**COLLECTED MATERIAL**
# # #

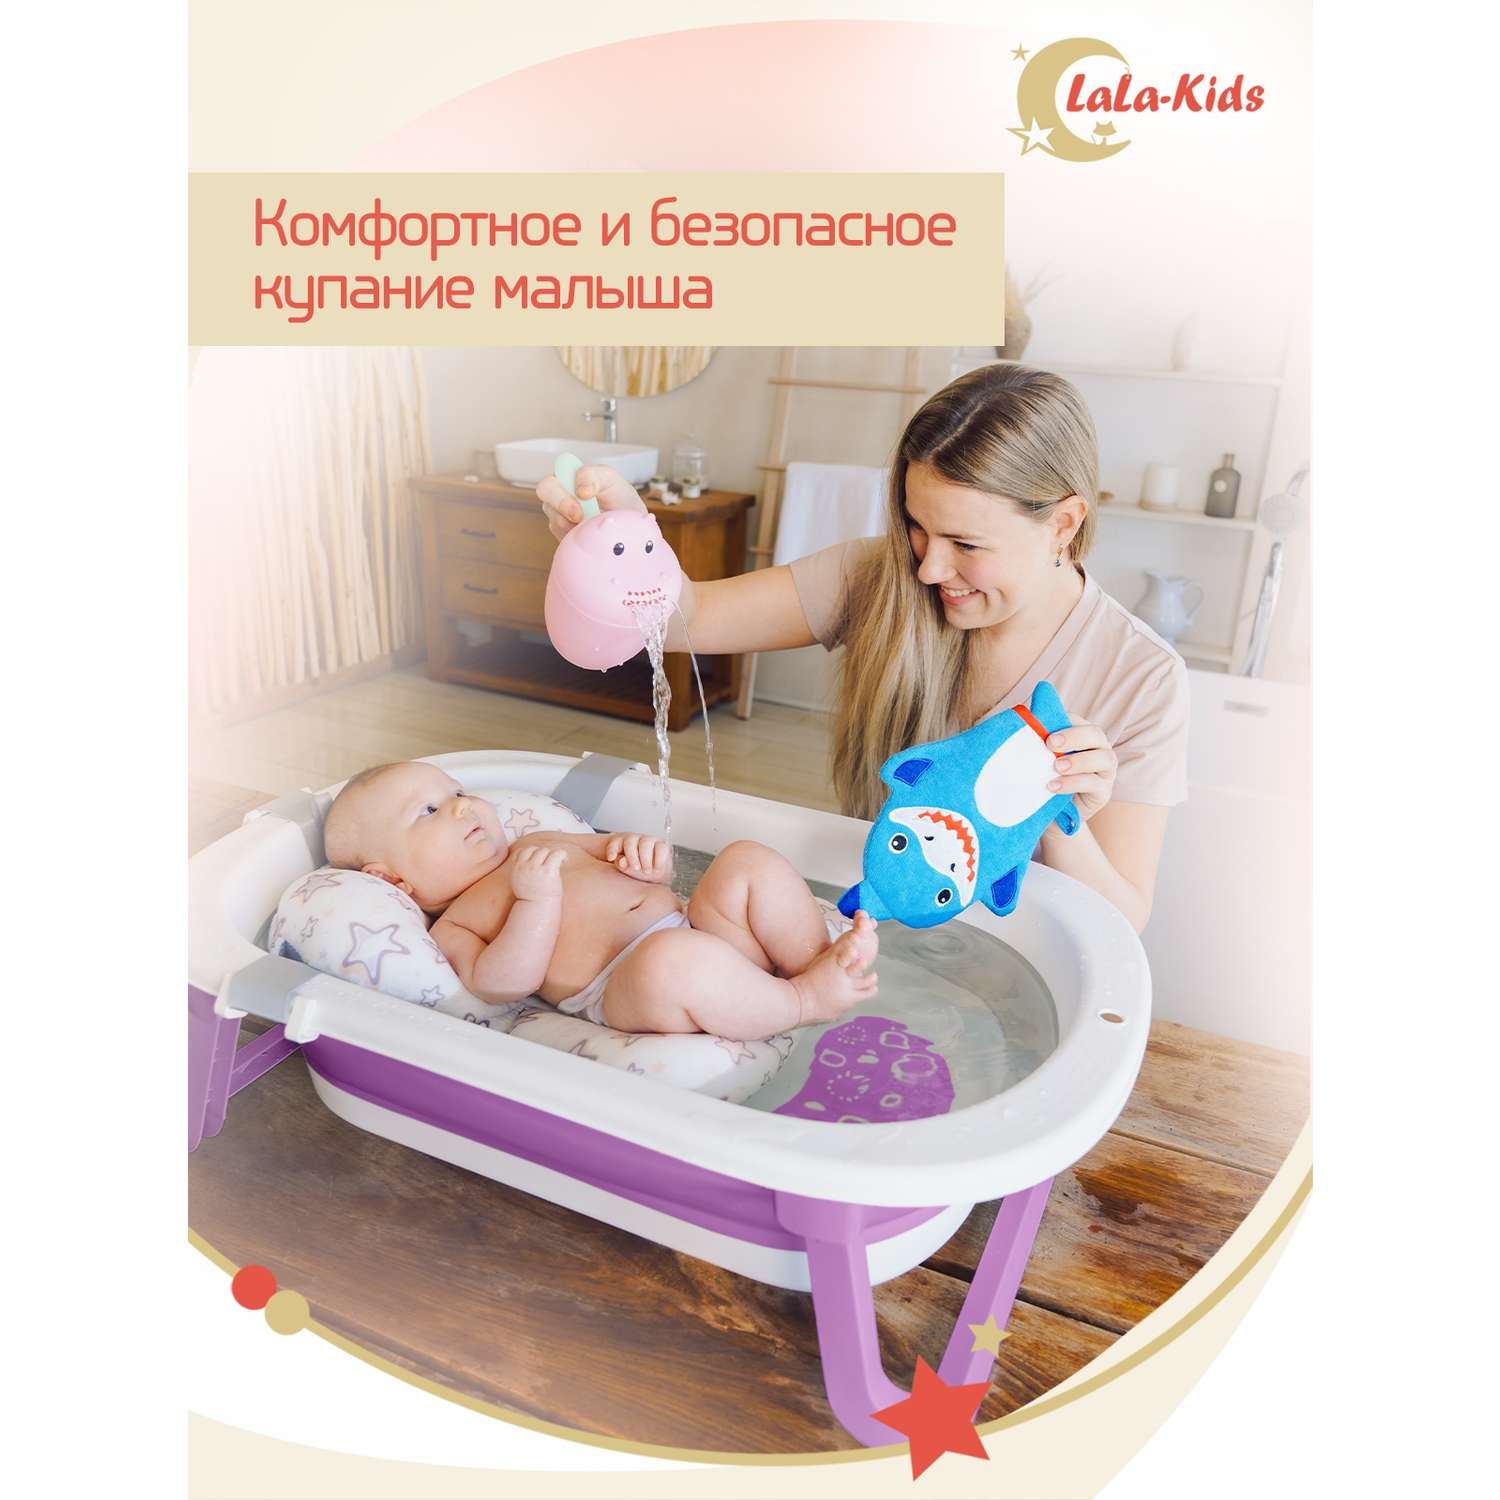 Складная ванночка LaLa-Kids для купания новорожденных с матрасиком в комплекте - фото 2
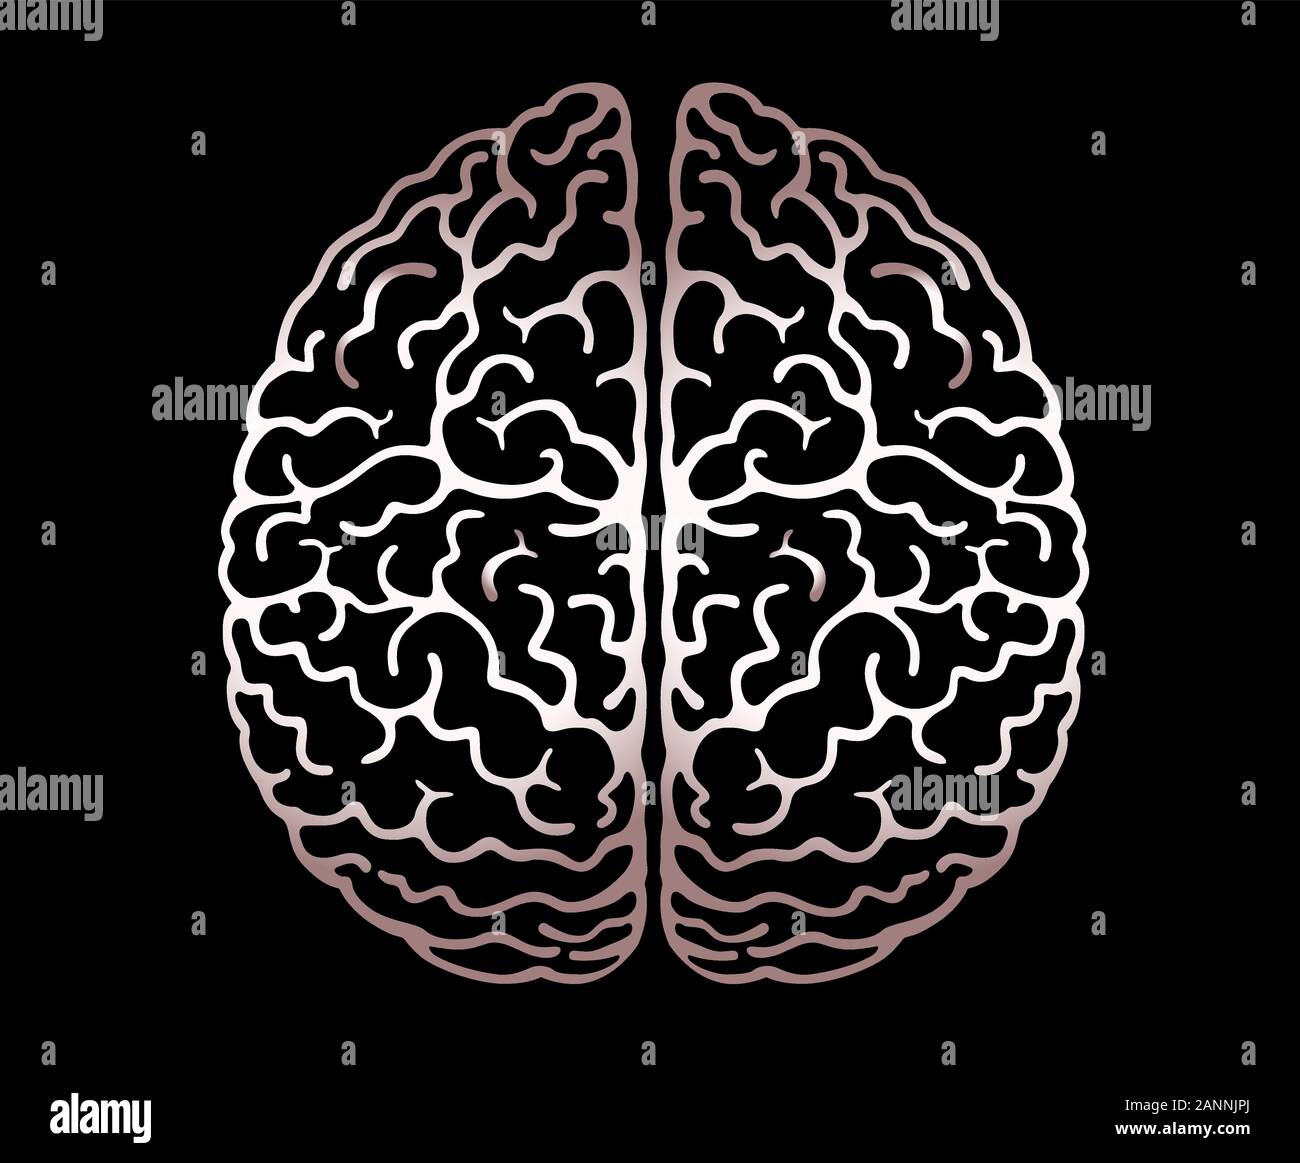 Profilo di vettore illustrazione del cervello umano su sfondo nero. Emisferi cerebrali, convoluzioni della mente il cervello, il cervello della piega. Vista da sopra, Illustrazione Vettoriale
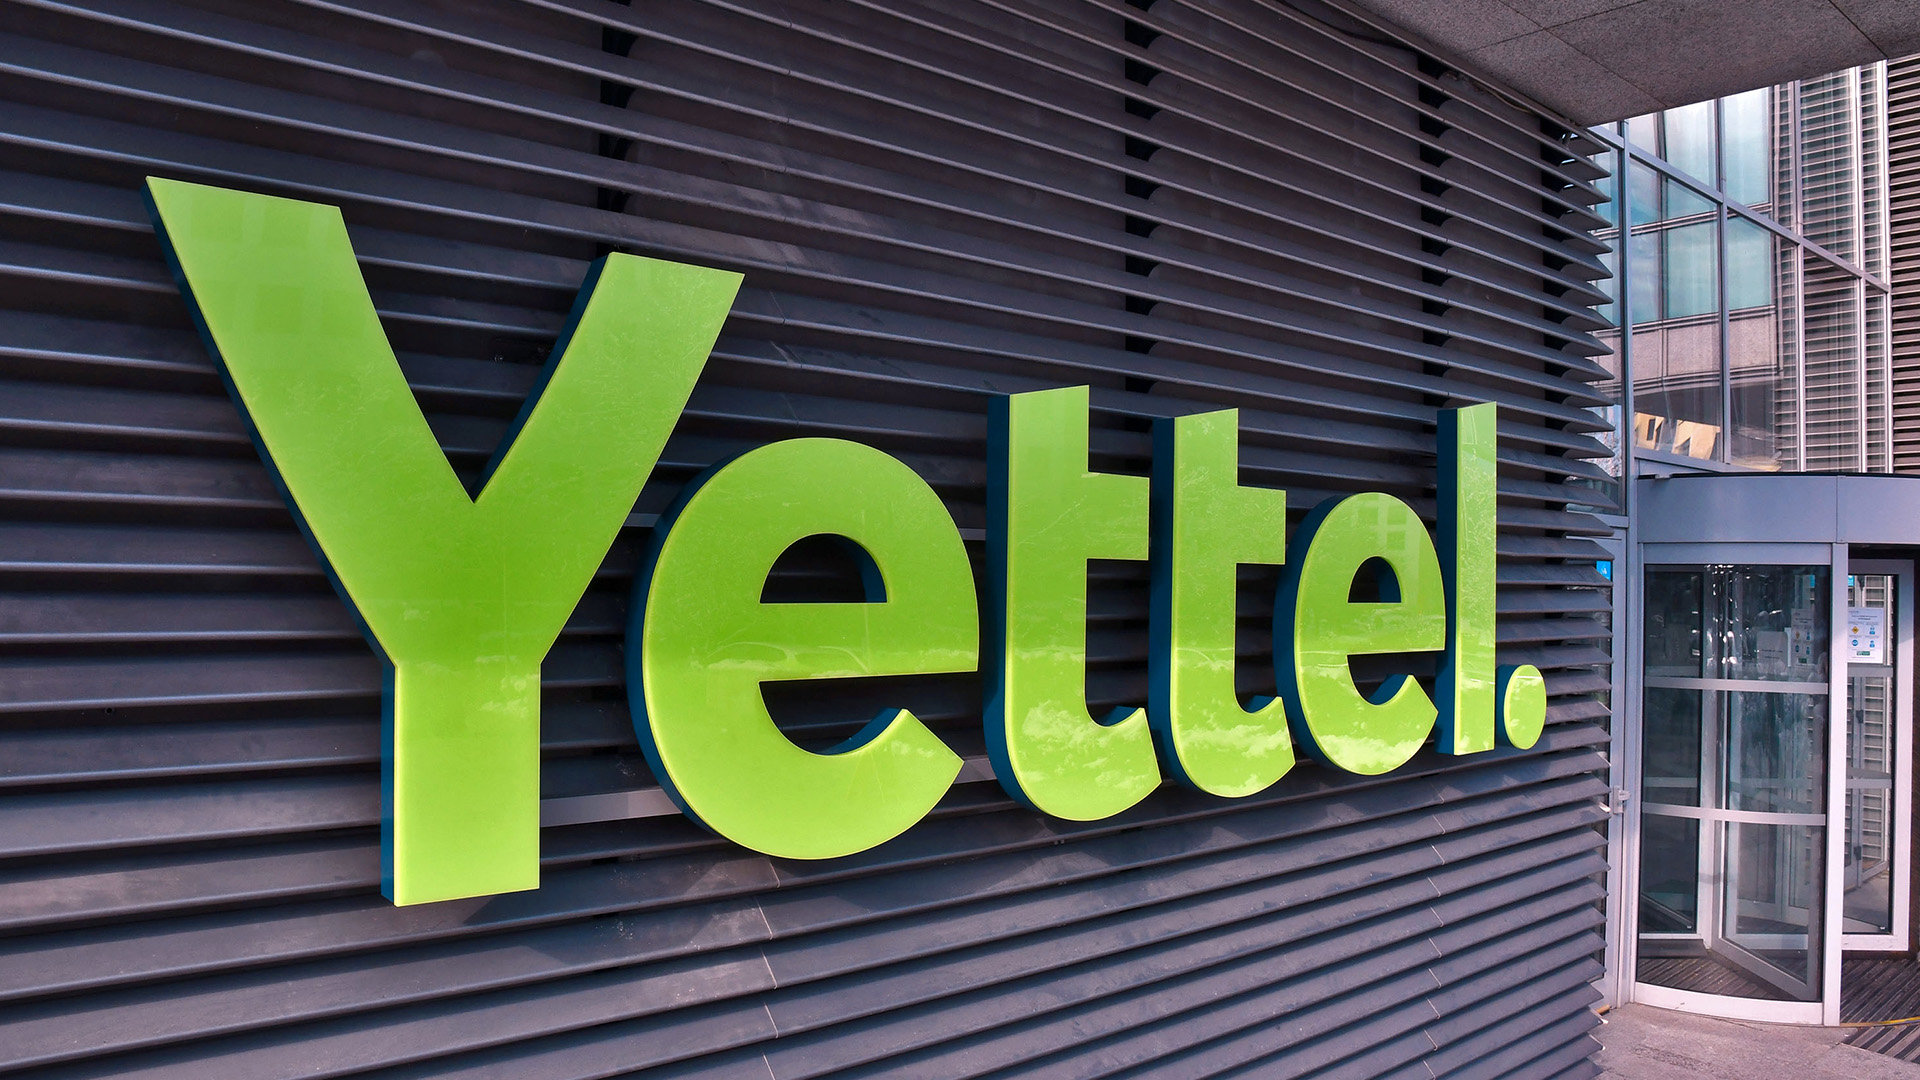 Yettel предлага специални комбинации от лаптопи, интернет план и Microsoft
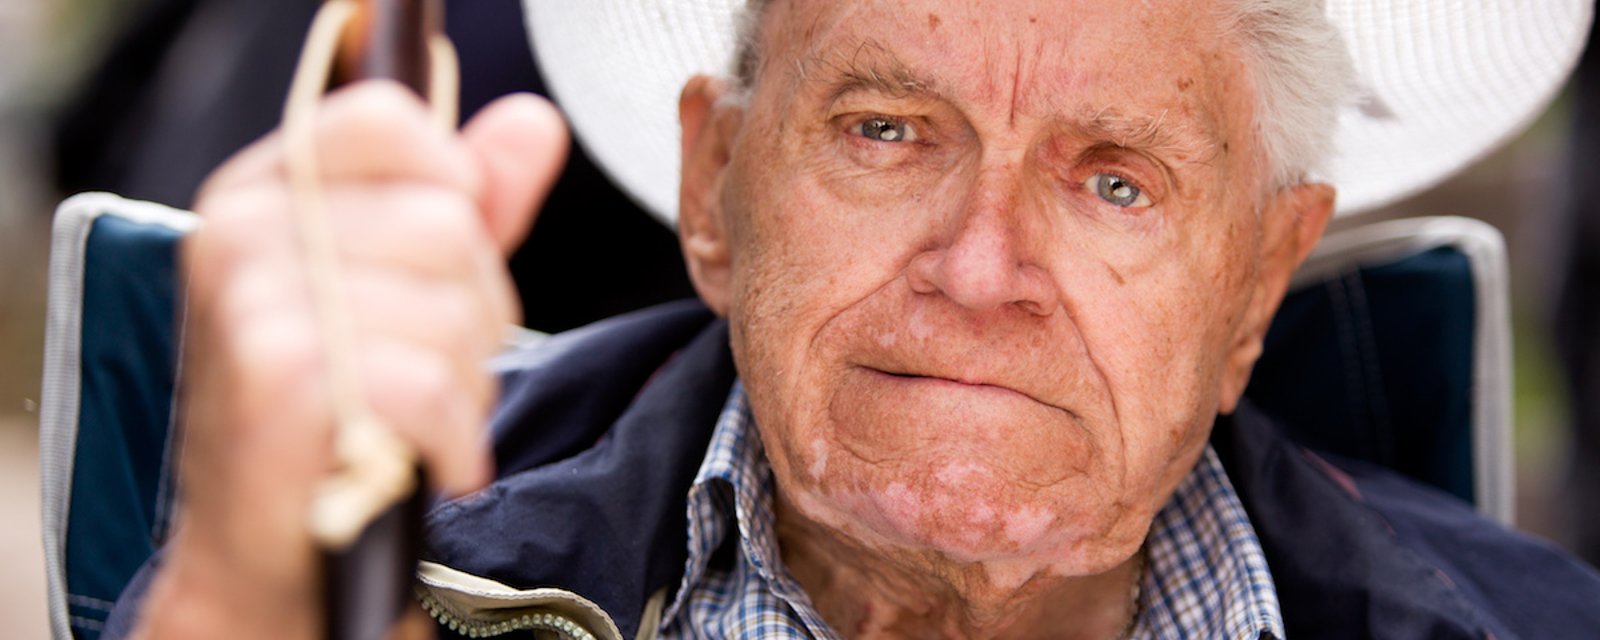 La science révèle que plus on vieillit, moins on aime les gens!

# # #

**EXERCISE PROMPT**
Pictures excluded, write out exactly and only the lines of the material from the one containing "Profilo di vettore" up to and including the last line.

**RESPONSE FOR THIS EXERCISE**
 Profilo di vettore illustrazione del cervello umano su sfondo nero. Emisferi cerebrali, convoluzioni della mente il cervello, il cervello della piega. Vista da sopra, Illustrazione Vettoriale
 Yettel предлага специални комбинации от лаптопи, интернет план и Microsoft
 La science révèle que plus on vieillit, moins on aime les gens!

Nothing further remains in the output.